To determine whether the NGS-based HIVDR data analysis pipelines are concordant, we compared the performance of five commonly-applied NGS HIVDR pipelines including, HyDRA25, MiCall38, PASeq.36, Hivmmer39 and DEEPGEN37 (see Methods) for HIV amino acid variant (AAV) detection and quantification. AAVs were reported as any amino acid differences from the HIV-1 reference sequence HXB2 or equivalent in the examined genomic fragments. All pipelines are freely available with the exception of DEEPGEN. Assessment parameters included the linear range for AAV frequency measurements, analytical sensitivity and specificity, and variation of detected AAV frequencies. All five pipelines successfully processed NGS data; however, differences in reporting AAV frequencies, especially when they occur at low frequencies support the need to standardize the processing steps in the pipelines, particularly in the area of quality control criteria.

Methods

Study sites

The six clinical laboratories that participated in this study included the National HIV and Retrovirology Laboratory (NHRL) at JC Wilt Infectious Disease Center, Winnipeg, Canada; BC Center for Excellence in HIV/AIDS (BC-CfE), Vancouver, Canada; Division of Infectious Diseases, Brown University (BU), Alpert Medical School, Providence, USA; IrsiCaixa AIDS Research Institute, Badalona, Spain; Center for Research in Infectious Diseases (CIENI), National Institute of Respiratory Diseases, Mexico City, Mexico; and Departments of Pathology and Medicine, Case Western Reserve University (CWRU), Cleveland, USA. Three of the laboratories are members of the WHO Global HIV Drug Resistant Network and currently participate in the NIAID VQA program for Sanger-based PT (NHRL, BC-CfE and CIENI).

Sample processing, library preparation and NGS

A total of ten PT specimens (HIV positive plasma) from two VQA panels, each containing five specimens, were distributed by the NIAID VQA program to each of the six participating laboratories. Each laboratory used their own in-house wet lab methods to extract HIV RNA, obtain PCR amplicons covering the HIV-1 pol gene regions targeted in routine HIVDR genotyping (protease (PR), reverse transcriptase (RT), integrase (IN)), and prepare NGS libraries which were subsequently sequenced on either the Illumina MiSeq or Ion Torrent platforms.

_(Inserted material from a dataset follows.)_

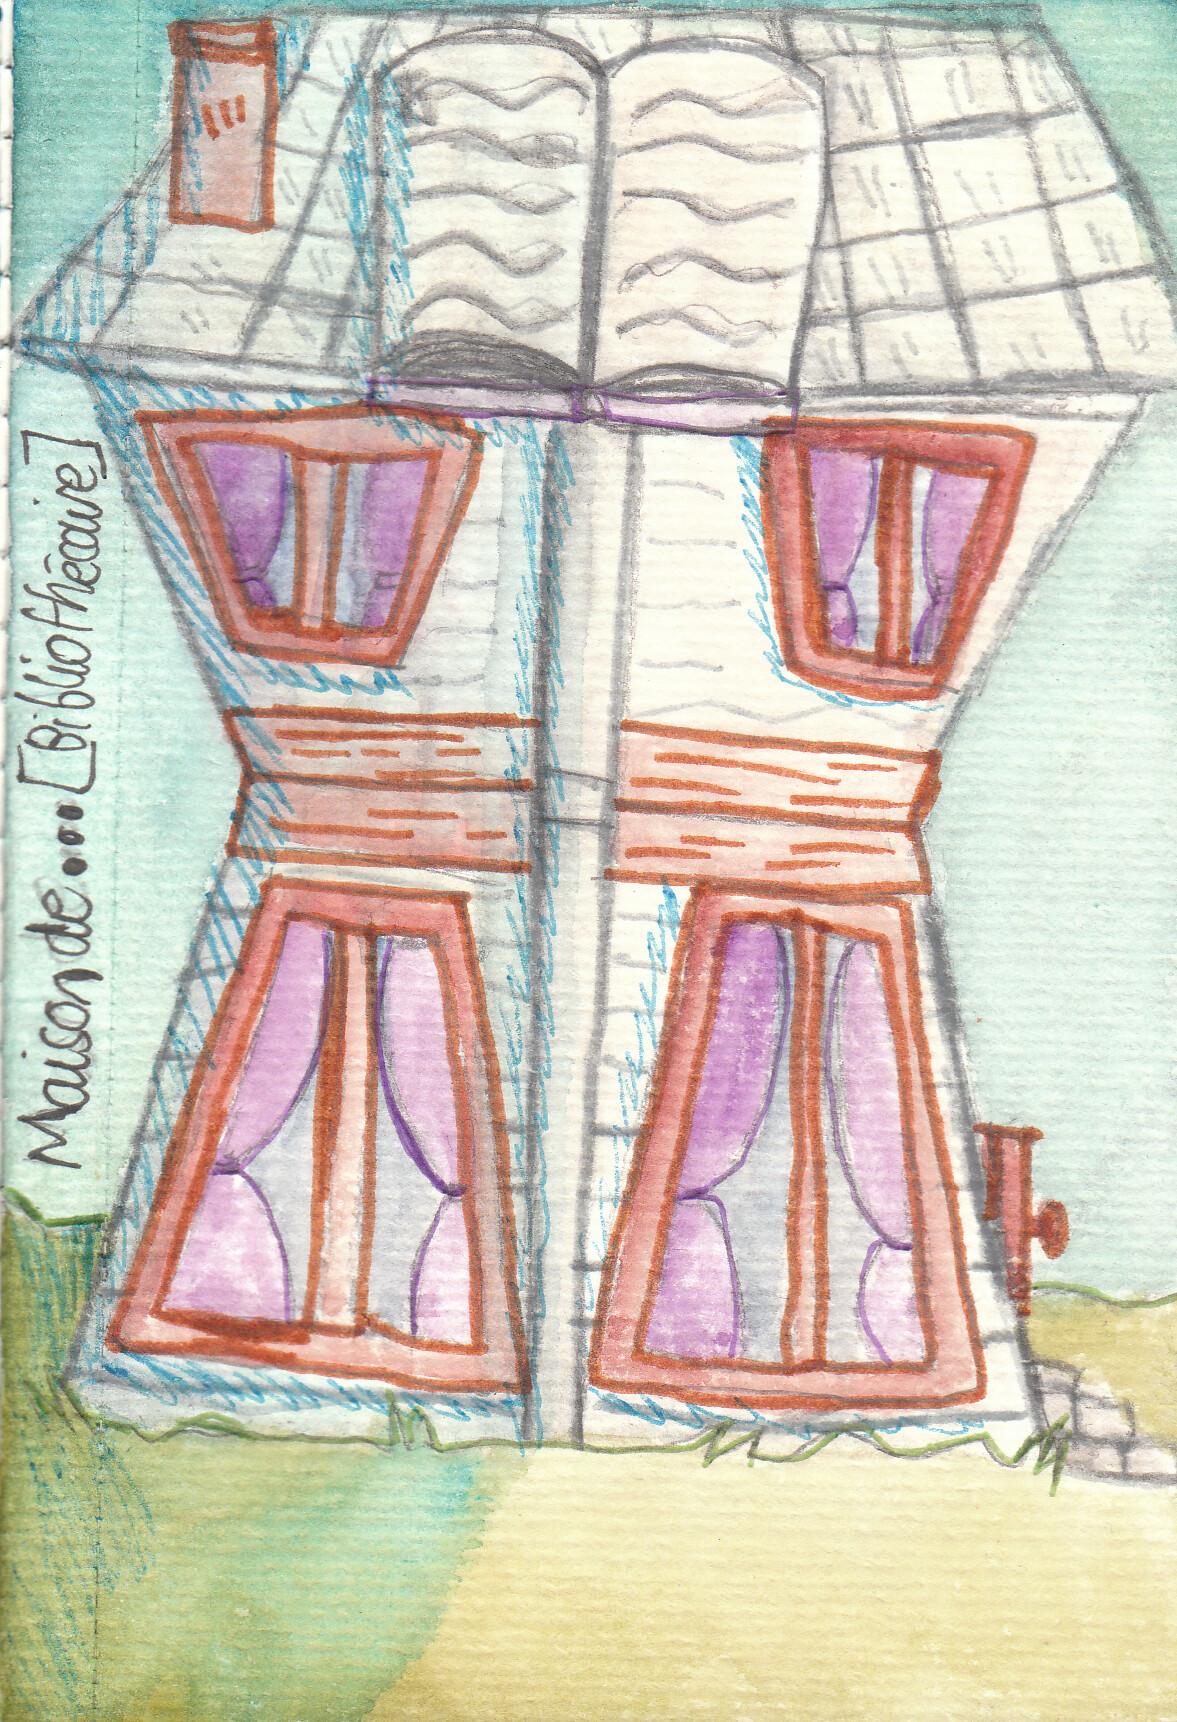 Anei ragdowl cd maison de bibliothecaire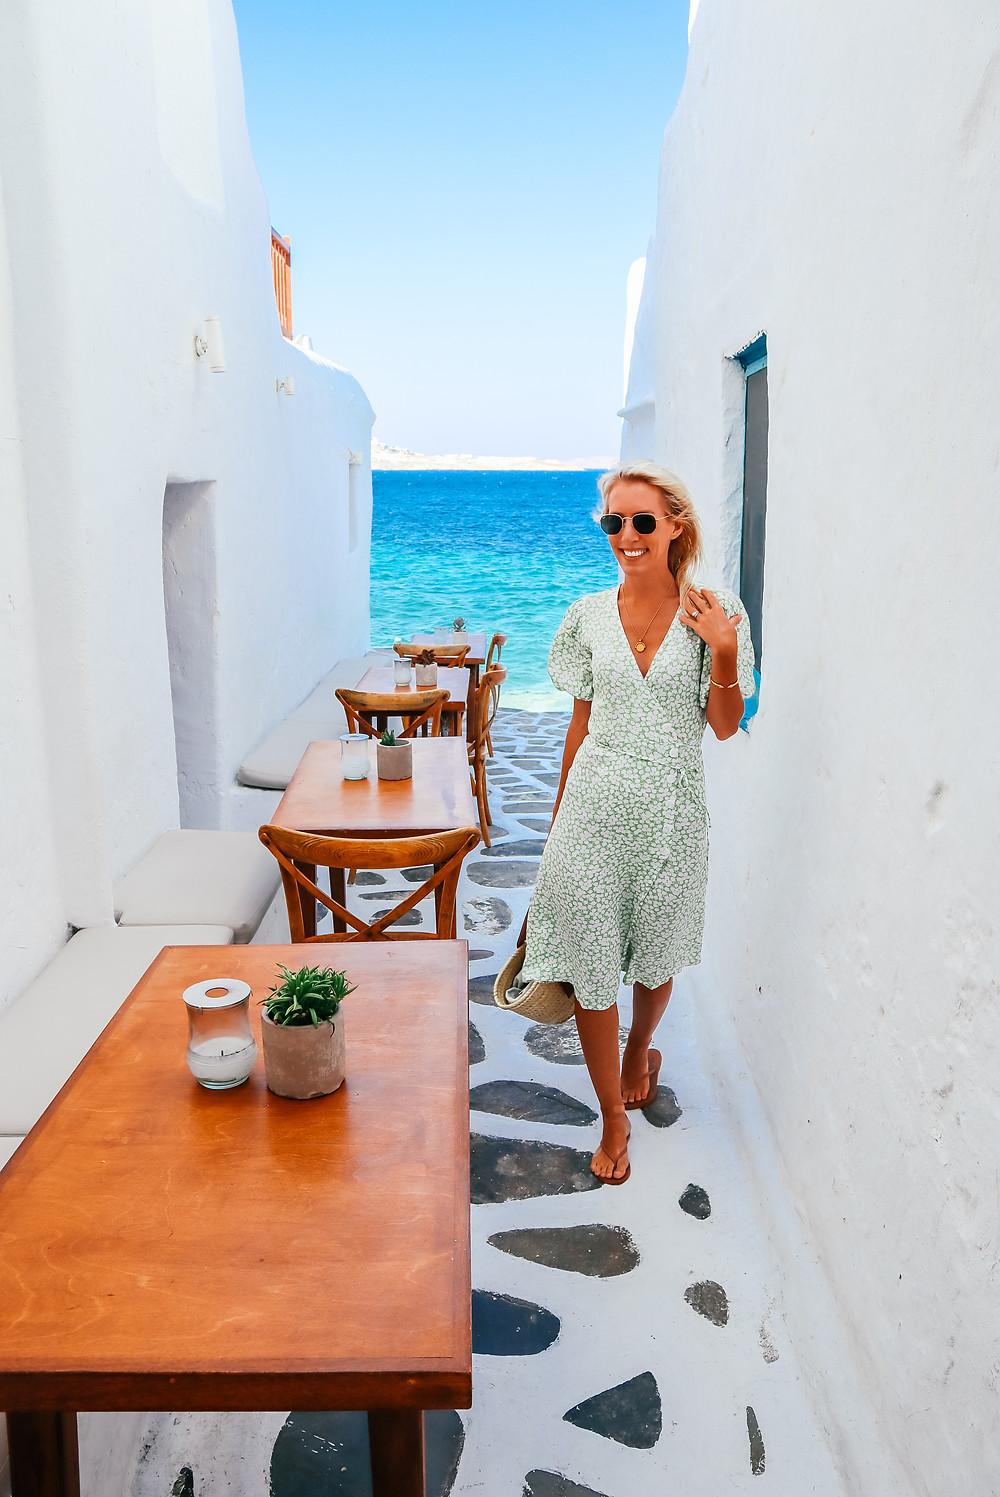 A Guide to Mykonos l Travel Guide l 2 Days in Mykonos l A Style Alike l Greece Island Hopping (15)

NGS FASTQ submission and pipeline processing

Each lab submitted its raw NGS data (in FASTQ format) for each panel specimen to a central location. One lab only successfully processed 7 panel samples so the total number of FASTQ data sets was 57, not 60. The FASTQ files were then processed separately by each pipeline including HyDRA (NHRL), MiCall (BC-CfE), PASeq (IrsiCaixa), Hivmmer (BU), and DEEPGEN (CWRU) (Table 1). All analyses were performed by the developers of each pipeline using default NGS read quality assurance and reference mapping settings for ensured consistency. The AAV frequency outputs (AAVF/csv files) from each pipeline were then uploaded to the central location. The outputs or AAVF/csv files from each pipeline contained all identified AAVs and their frequencies, regardless of their HIVDR relevance, and were compared on a per sample per lab basis where all comparisons were subsequently combined (Fig. 1).

Table 1 Comparison of pipelines for automated NGS-based HIVDR data analysis.
Figure 1
figure 1

Comparison of NGS HIVDR data analysis pipelines workflow. Abbreviations: NIAID, National Institute of Allergy and Infectious Diseases; VQA, Virology Quality Assurance; BC-CfE, British Columbia Center for Excellence in HIV/AIDS; NHRL, National HIV and Retrovirology Laboratories; BU, Brown University; CWRU, Case Western Reserve University; CIENI, Center for Research in Infectious Diseases; IrisCaxia, AIDS Research Institute. *There are only 57 instead of 60 FASTQ files because 1 lab only processed 7 samples instead of 10. ** Each sample’s pipeline result (AAVF/csv) from each lab was compared, and subsequently all analyses were combined.

Pipeline analytical comparison

To conduct a meaningful comparison of the pipelines, ground truth about present AAVs and their exact frequencies is required, against which further assessment and comparisons could be made. Since none of the tested VQA specimens had been fully characterized for AAVs they are harboring (presence and frequency), such ground truth had to be established based on the data we obtained from the group. Notably, this is the first attempt of such a pipeline comparison, and therefore we had to figure out an innovative way to define which AAV is “truly” present and what reference value could be used as its expected frequency.

The analytical comparison of the pipelines in this study was based on the exclusive inclusion of AAVs being detected at each position by at least four of the five pipelines and at a median frequency threshold of ≥1%, an AAV frequency cut-off for reporting. The median frequency is the midpoint value among the frequency readouts from all pipelines that detect the specific AAV, and it was considered in this study as the “expected” frequency value of the specific AAV. These constitute the basis for the subsequent pipeline performance assessment including (1) linear range, (2) analytical sensitivity, (3) analytical specificity, and (4) variation of the detected AAV frequencies.

The linear range of an assay was determined using linear regression analysis where all qualified AAVs and their reported frequencies from all pipelines were analyzed against their expected (median) frequency values. It represents the range of AAV frequencies at a median threshold of ≥1% (1 ~100%) within which linear correlation could be achievable between the expected and observed values.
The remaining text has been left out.